En effet, ce type de projet renforce leur singularité car ce n’était pas un projet téléguidé par une école mais une initiative personnelle. Et on sait que les recruteurs cherchent des profils autonomes, polyvalents, créatifs… Et si certains n’ont pas monté de projets, ils en ont profité pour prendre de l’avance sur leur développement personnel. Ils ont compris le focus des soft skills et se sont inscrits à des sessions de formation en ligne. J’ai aussi entendu parlé de cet étudiant qui s’est volontairement confiné avec son grand-père pour apprendre la marqueterie avec lui. Non seulement il a acquis un savoir-faire manuel mais il pourra valoriser cet apprentissage de travail en intergénérationnel et on sait que c’est très un sujet très important au sein des entreprises.

« Enfin, la troisième chose à faire dans cette recherche d’emploi, c’est de cultiver son réseau professionnel. »

Il y a un espace qui s’ouvre pour prendre soin de son réseau et se reconnecter via d’autres formes de lien. D’habitude, on considère le réseau comme quelque chose qu’on sollicite quand on en a besoin. Je pense plutôt que c’est là où on se rend utile et un jour peut-être, on pensera à vous. Cette période est aussi idéale pour faire un nettoyage de l’identité numérique sur les réseaux sociaux.

Certains étudiants rêvent de trouver la bonne entreprise mais vont peut-être opter pour un job alimentaire. Ils craignent que cette incohérence de parcours puisse les desservir ultérieurement.

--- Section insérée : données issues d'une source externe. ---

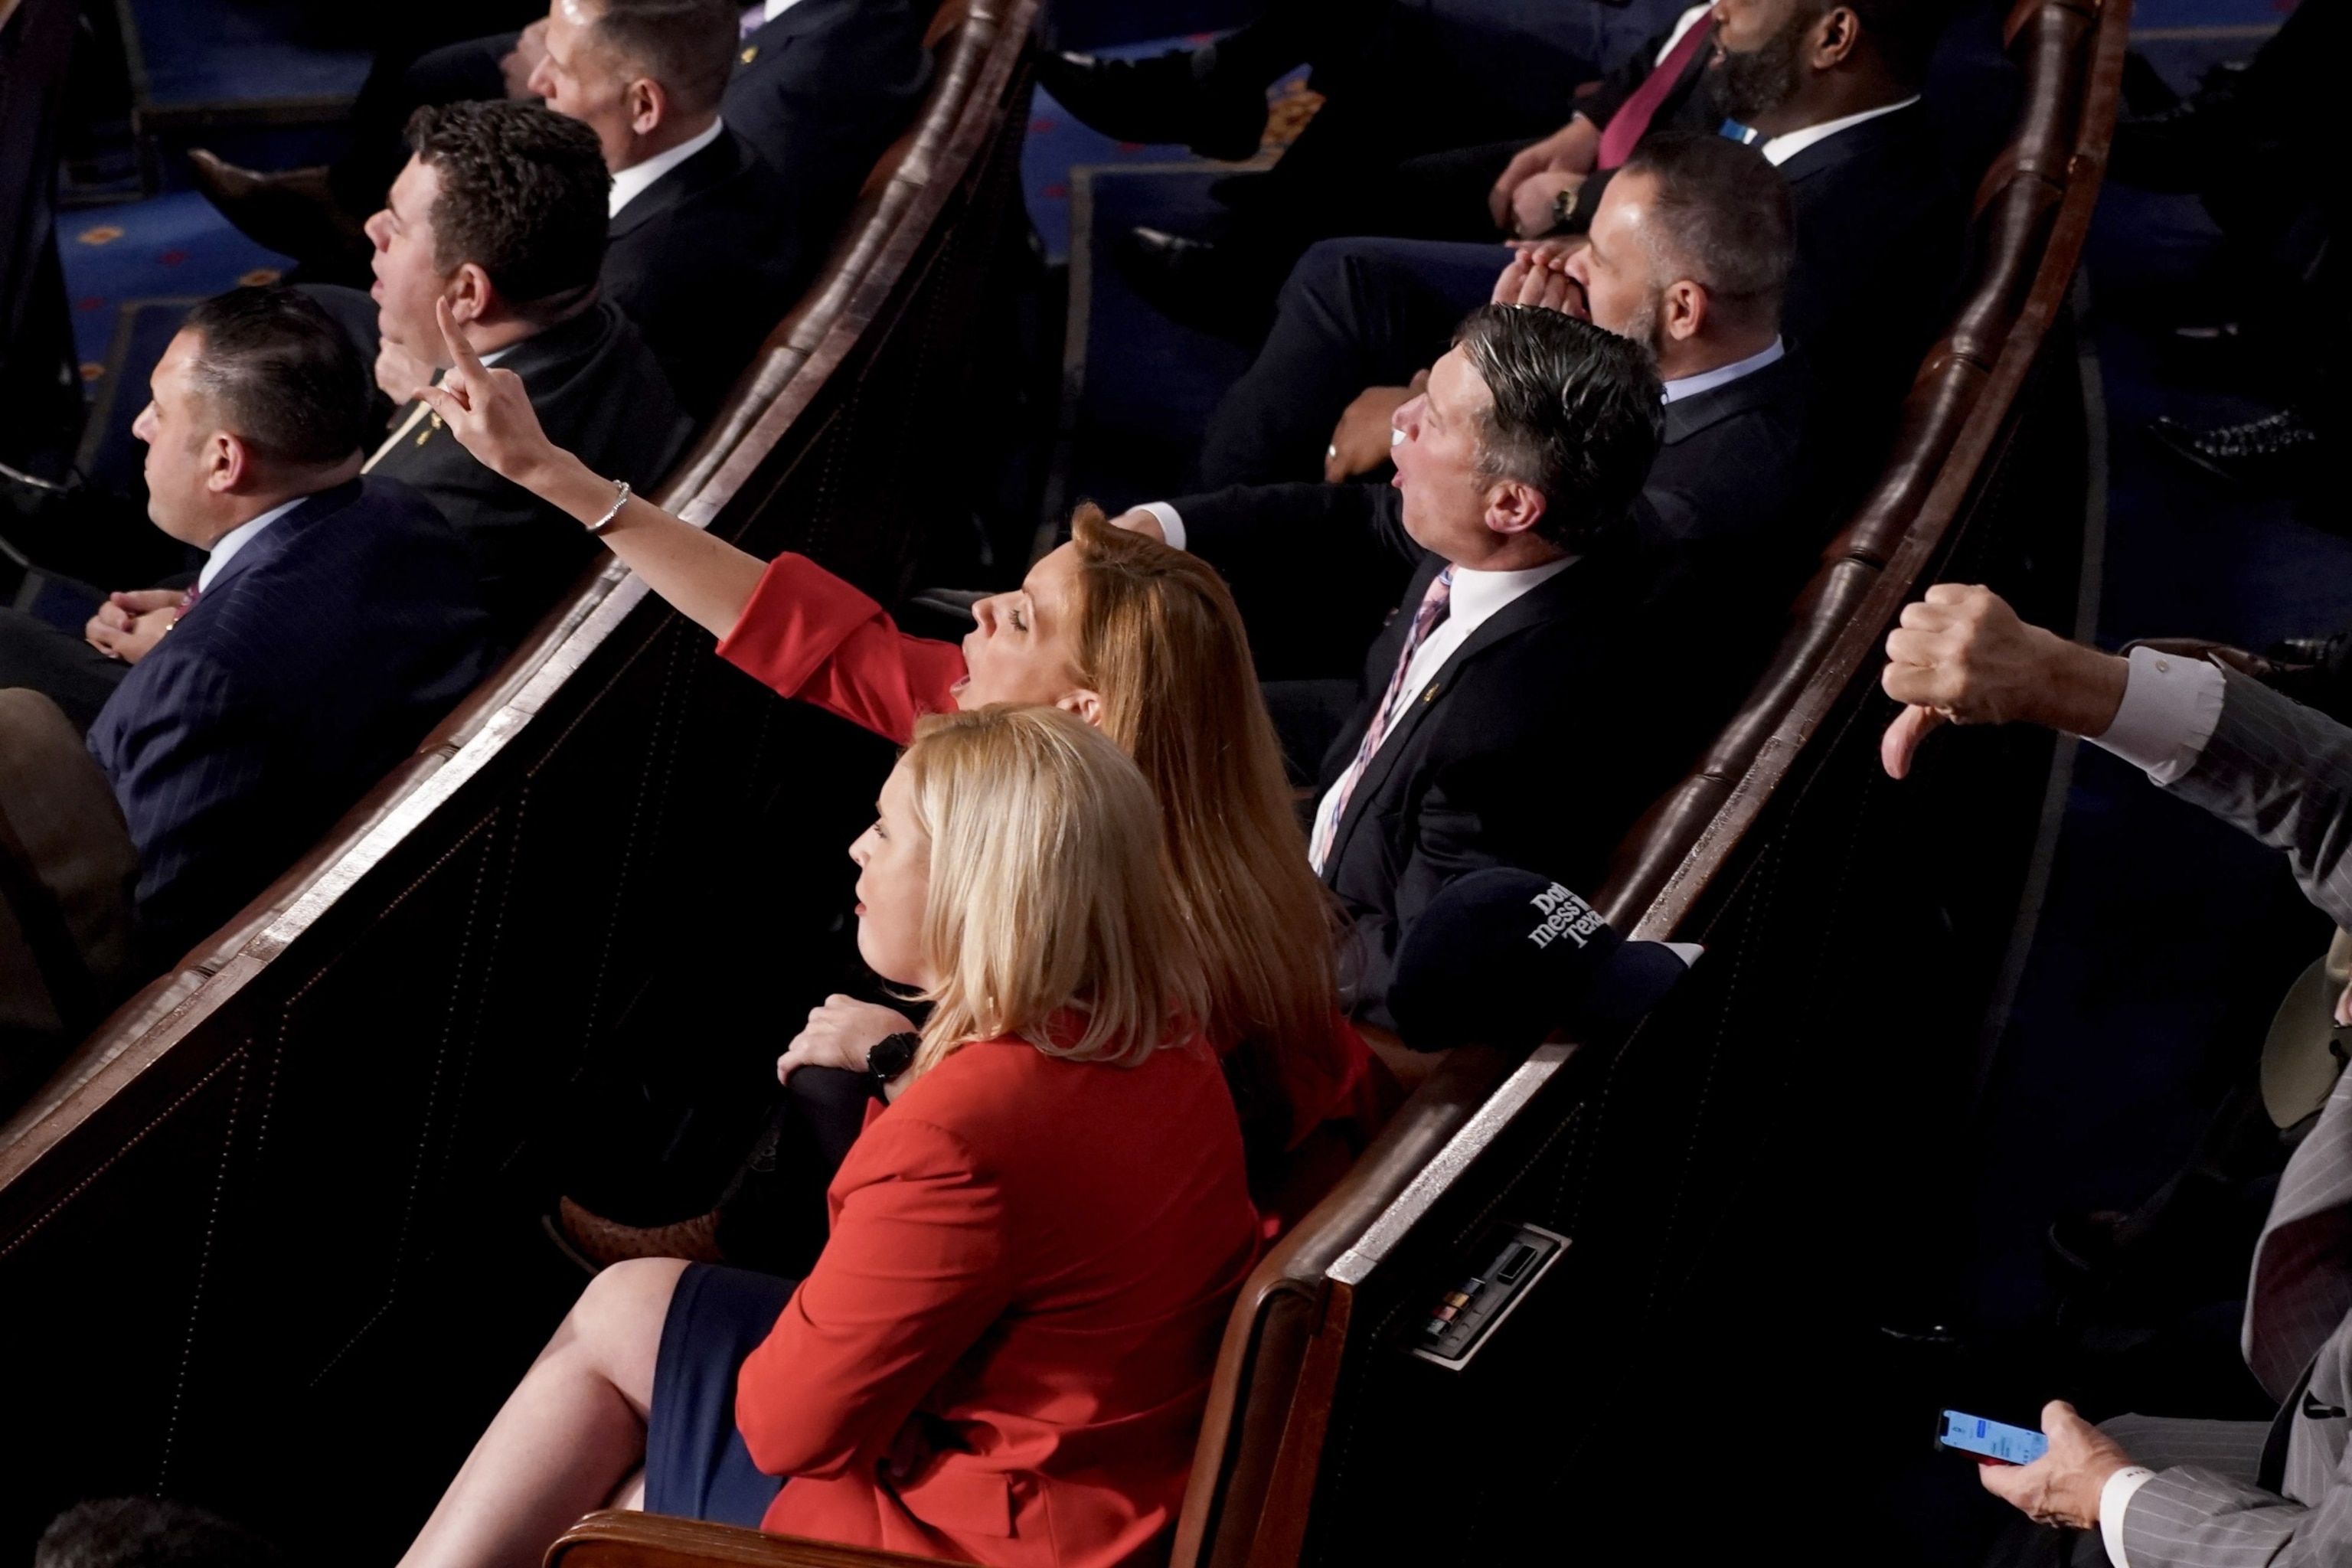 PHOTO: Republican members of Congress yell in response to US President Joe Biden, not pictured, speaking during a State of the Union address at the US Capitol in Washington, DC, Feb. 7, 2023.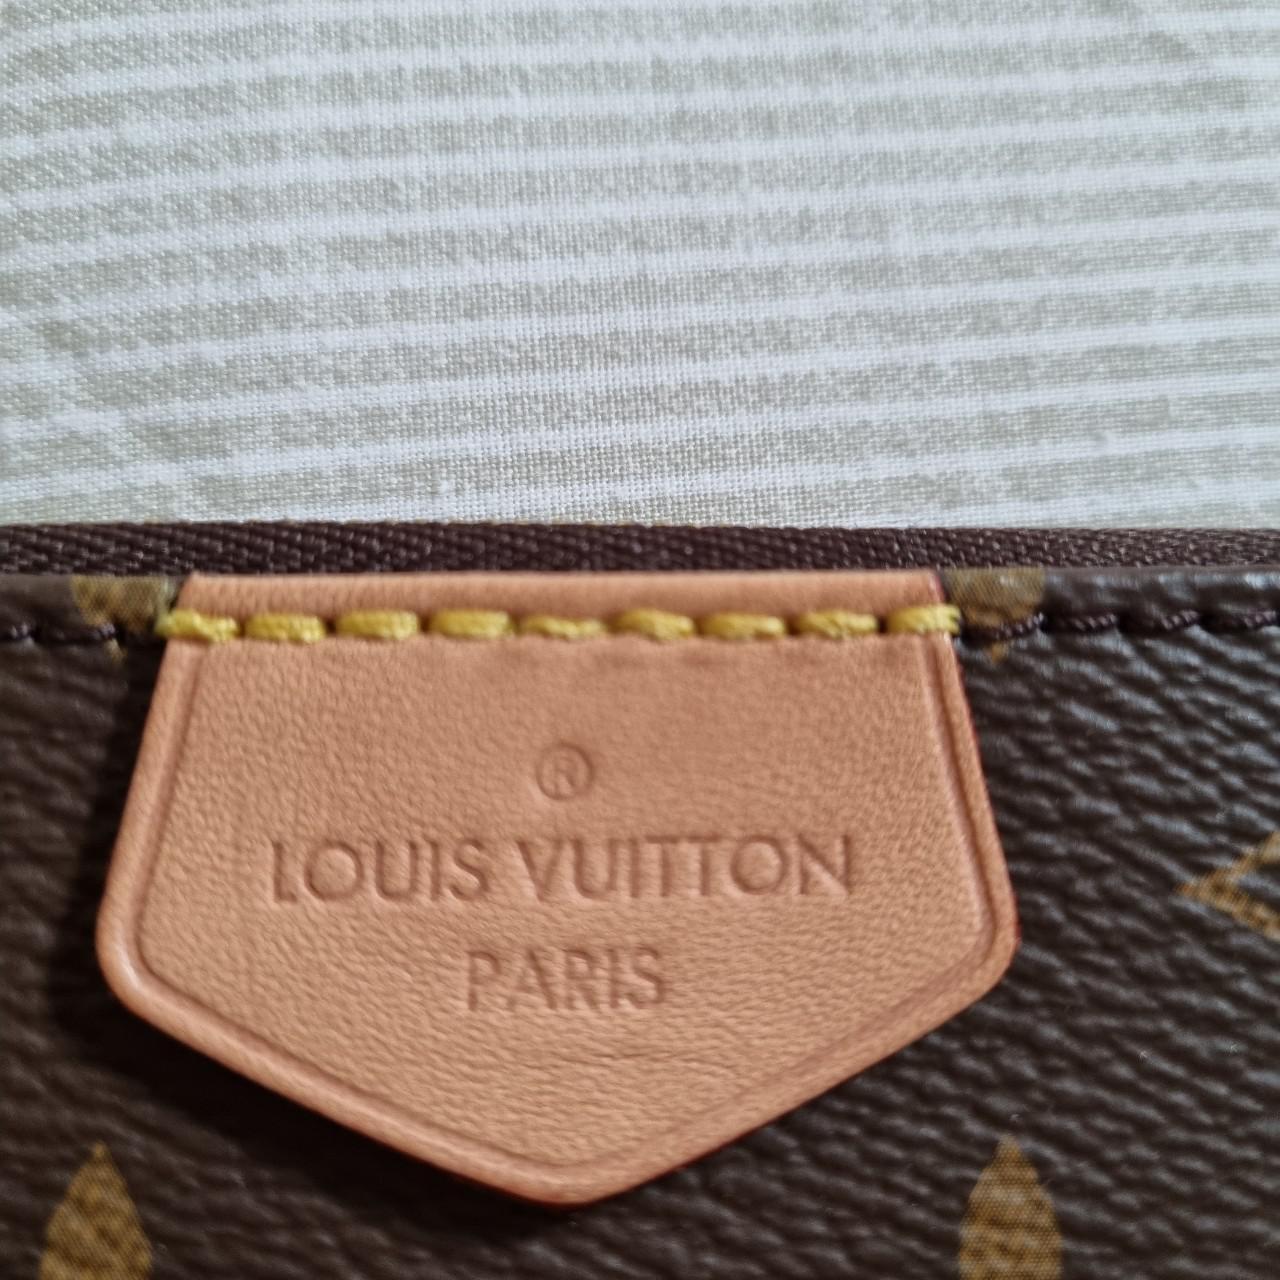 Extra photos of Louis Vuitton small pouch - Depop

Post-crise, on est dans une logique d’urgence voire de reconstruction. Un jeune diplômé peut tout à fait avoir un job alimentaire pour les 18 prochains mois, cela l’autorisera à plus de flexibilité pour mener des projets en parallèle. Il n’y a pas d’état d’âme à avoir. Ce type de job reste un projet professionnel, l’idée est d’expliquer en quoi cette expérience a fait grandir le candidat et de montrer la cohérence sur son CV.

Pendant les prochains mois, la prudence reste de mise. De nombreux entretiens de recrutement vont continuer à se faire par vidéo.

Il faut vraiment s’entraîner à l’entretien vidéo car tout ce qui s’évalue en présentiel n’est plus de mise. Il est nécessaire de bien soigner l’éclairage, le cadrage, sa tenue, sa diction et de tenir un propos construit et attractif. Post-entretien, il ne faudra pas hésiter à recontacter le recruteur. La relance est d’autant plus légitime dans ce cadre particulier. Si auparavant, on s’autorisait une voire deux relances téléphoniques, on peut rappeler deux à quatre fois son interlocuteur en lui laissant quand même du temps pour le laisser respirer.